Adapting to Environmental and Energy Uncertainties

This research theme interrogates how environmental change, crisis, resource decline, and energy uncertainties are understood, experienced, coped with, and governed by individuals and communities. Working  across scales from the household to the nation, the consequences of such change, and adaptations to it, for justice, equality, and resilience are critically examined. 

Using a range of theoretical perspectives and working across international contexts, this theme addresses critical issues of uncertainty and change at the intersection of society and environment. We focus on the political, cultural and socio-economic dimensions of climate change, pollution, ecosystem disruption, agrarian stress, and the designation and depletion of ‘resources’ including energy, water and minerals. We examine and engage deeply with policy and governance processes that shape historical, contemporary and future socio-natures, and through which responses to environmental change and crisis are developed.  Central to our work is a concern with understanding and redressing injustices and vulnerabilities in relation to environmental and energy issues, pertaining to inter alia class, gender, age, race, Indigeneity, and their intersections.
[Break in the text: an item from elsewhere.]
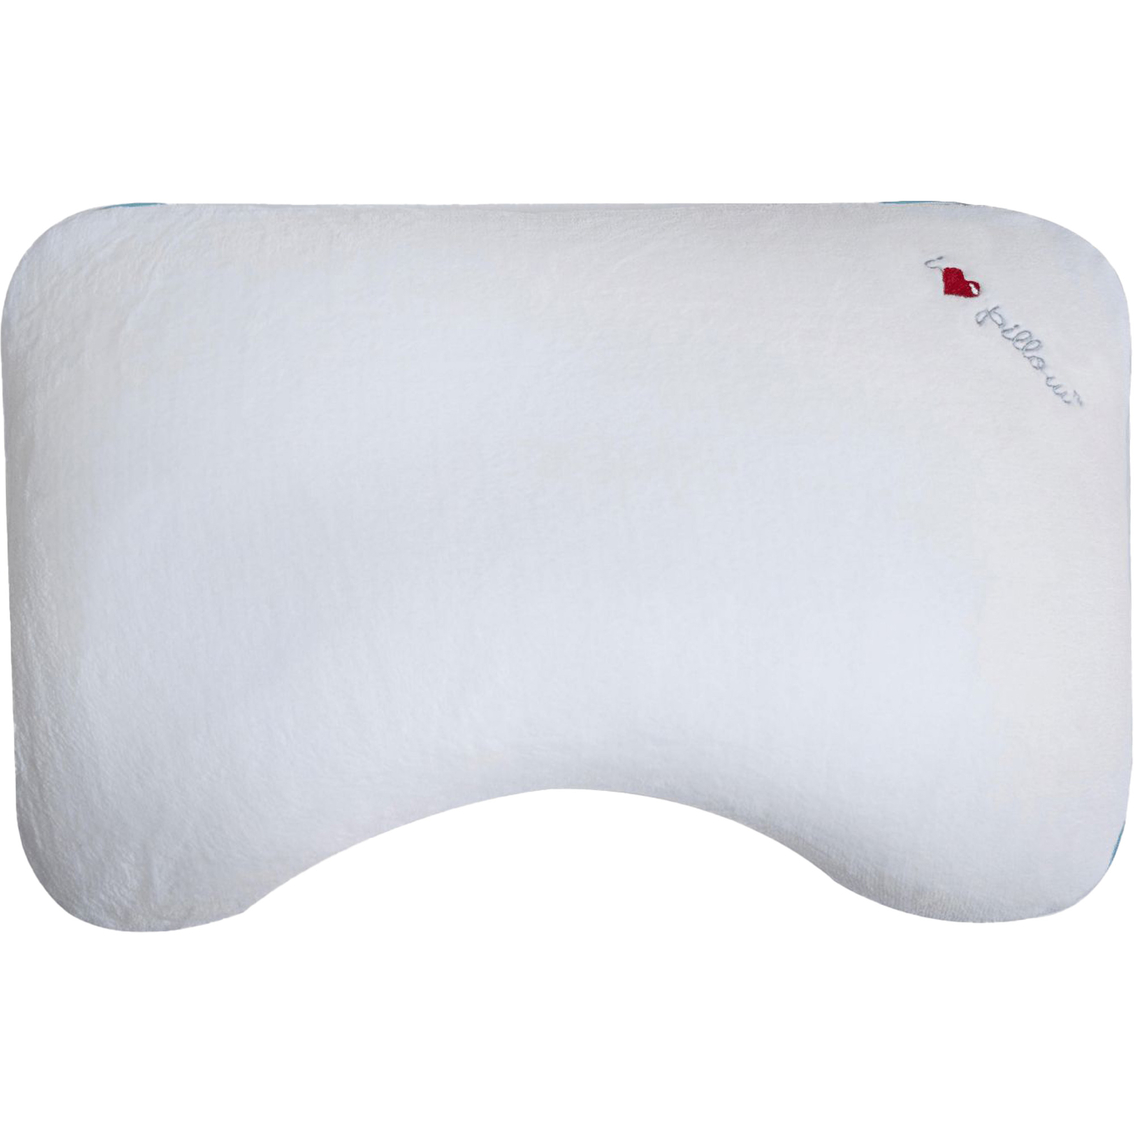 I Love Pillow Out Cold Queen Side Sleeper Pillow - Image 2 of 3

We strive through our research and engagement to contribute to the development of healthy, inclusive, and resilient environments for the thriving of humans and non-humans, present and future. 

Research areas

Environmental justice: examining and seeking to address the differential impacts of environmental and energy issues on diverse social groups, the uneven distribution of power in environmental decision making, and the ways in which diverse communities cope, adapt, and plan for futures in which thriving might be possible

Resource governance: evaluating and advocating for changes in resource-making and management in the context of growing demand and conflicts between states, industry and communities, including how ‘resources’ might be defined and distributed differently, in more just, collective and reparative ways. 

Environmental knowledges: understanding plural environmental ontologies and epistemologies, their historical development, and the institutions that sustain them, and advocating for inclusive policy processes and decolonization.
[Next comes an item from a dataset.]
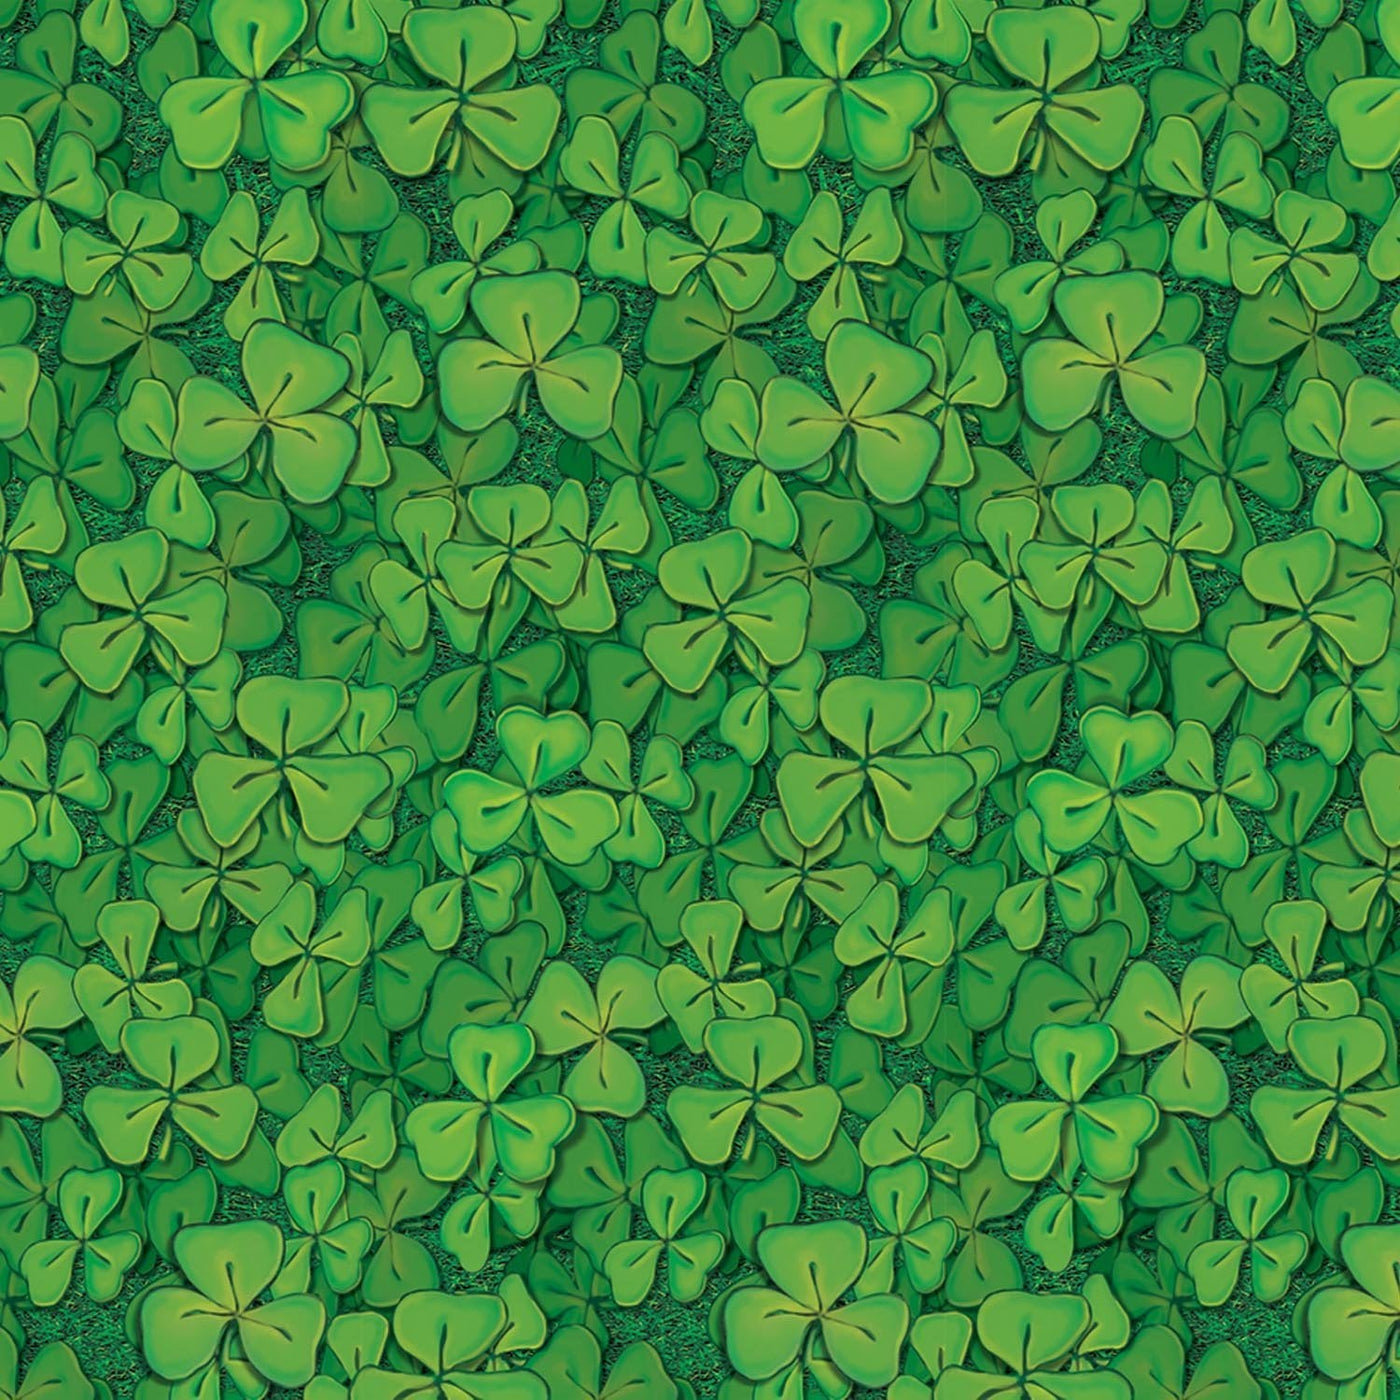 Clover Field Backdrop 4ft x 30in - JJ's Party House

Energy vulnerability, resilience and just transitions:  addressing energy poverty and access to energy resources/supplies; building fairness into low carbon energy transitions

Urban environmental governance and policy making: examining how politics, power and agency, both human and non-human, operate in shaping urban environments; and geographies of policy responses to environmental crisis and change in cities

Agrarian stress, migration and rural livelihood change:  exploring the political economy of agrarian change in response to environmental stress and intensifying inequalities, and piloting community-led solutions to crises; understanding the two-way relationship between migration and rural change including the complex interplay between ecological stress and economic, cultural and political processes which shape patterns and impacts of mobility

Research funding

Our research is funded by a range of UK and international funders: UKRI (ESRC, NERC, EPSRC, AHRC), NIHR, FAPESP); main charities and societies (Leverhulme Trust, British Academy, Heritage Lottery Fund); the European Commission (H2020, Horizon Europe); and several international providers of PhD scholarships. 
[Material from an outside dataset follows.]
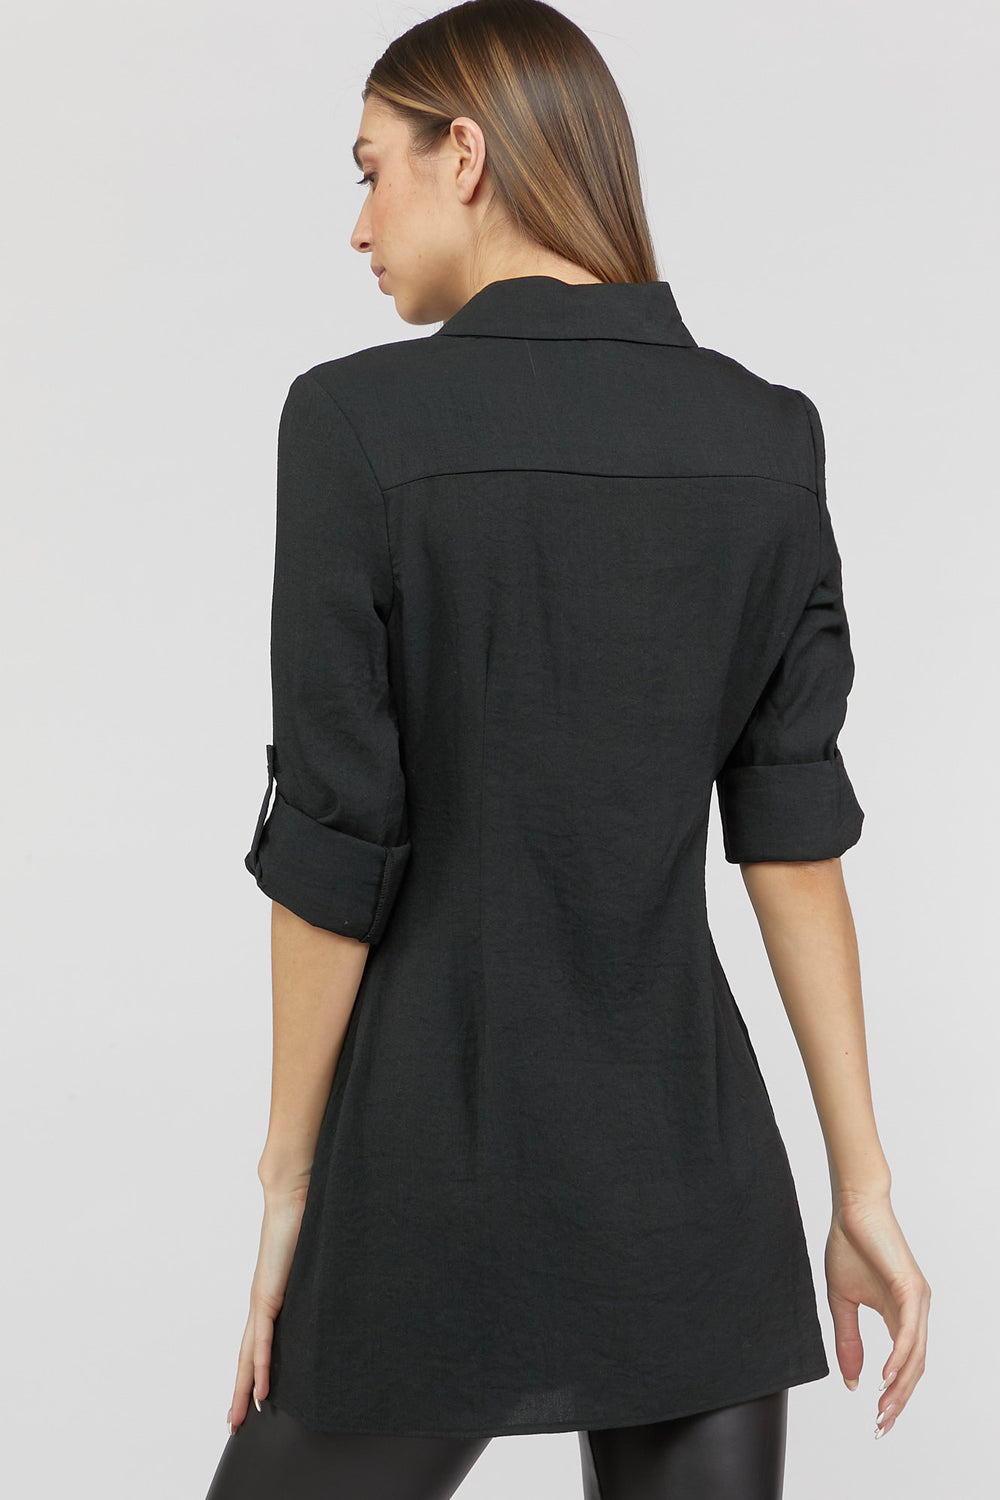 Ruched Button-Front Shirt Black

Postgraduate opportunities

This subtheme will contribute to the new specialist Master's course in Cities, Sustainability and Wellbeing that will be introduced in 2024-2025.

PhD Funding Sources

PhD projects within this subtheme are potentially funded by the UK ESRC (through the Midlands Graduate School) and AHRC (through the Midlands 4 Cities doctoral training partnership) and other CDTs, as well as specific schemes run by e.g. UKRI and Leverhulme. We have a number of international postgraduate researchers funded through governmental and employer scholarship schemes and international funders such as Commonwealth scholarships.